I was looking at some other soapers sites and came across this as an ingredient to make the soaps silkyer. I googled it to try to find some where that sells it and can't find any where. I looked at all my places I buy from and the only thing that I can find is liquid silk. Is it the same thing? :?

Mary Lou


----------



## Narrow Chance (Oct 29, 2007)

I got mine at Paradise Fibers.
http://www.paradisefibers.net/

I think I paid between $2-3 an ounce. It doesn't take much.. just a small pinch in the lye water.


----------



## Kalne (Oct 25, 2007)

So do you think it makes a difference? This is one ingredient I've wanted to try just never had it at any of the places I order from and I hate to pay shipping for one item.


----------



## Sondra (Oct 25, 2007)

just get something silk from a junk store and cut off a small piece it disolves in lye. If nothing else makes a nice adv ingredient


----------



## Heavenly Angels (Nov 1, 2007)

Is Tussah silk a certain kind? I have gotten LIQUID SILK from MMS but these other gals are using this specific silk. I'm just try ing to find out the difference if any and where you can buy it.


----------



## Sondra (Oct 25, 2007)

> Wild silk is harvested from cocoons found in the wild. After feeding on a diet of wild mulberry and whatever else a silk worm chooses to eat, the wild silk is a darker color. Wild silk is known as Tussah and is a bit coarser in texture than mulberry silk. Duppioni is another type of wild silk and is produced when two silkworms spin cocoons that are joined together.


----------



## Sheryl (Oct 27, 2007)

Sondra! :lol You silly girl. You are just a treasure trove of information. You must read a lot. You are our personal encyclopedia. I never would have looked that one up. Of all things...One would think that the Tussah Silk was really something different/special/exotic. Just wild silk! Now how in the heck does that help/enhance soap???? Or why would you want to put it in soap in the first place.

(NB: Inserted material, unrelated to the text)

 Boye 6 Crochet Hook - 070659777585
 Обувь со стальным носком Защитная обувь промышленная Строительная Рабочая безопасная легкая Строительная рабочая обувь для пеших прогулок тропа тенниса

Thanks for the infor Sondra! I like learning new things.

Sheryl


----------



## Heavenly Angels (Nov 1, 2007)

Well, it got my attention! :lol It does have label appeal. Thats why I wanted to know more. :crazy
Thanks yall for the imput!

Mary Lou


----------



## Sondra (Oct 25, 2007)

don't think it will do any more or less than any other liquid silk or junk store piece of silk (got that hint from Vicki) just says a name on the lable


----------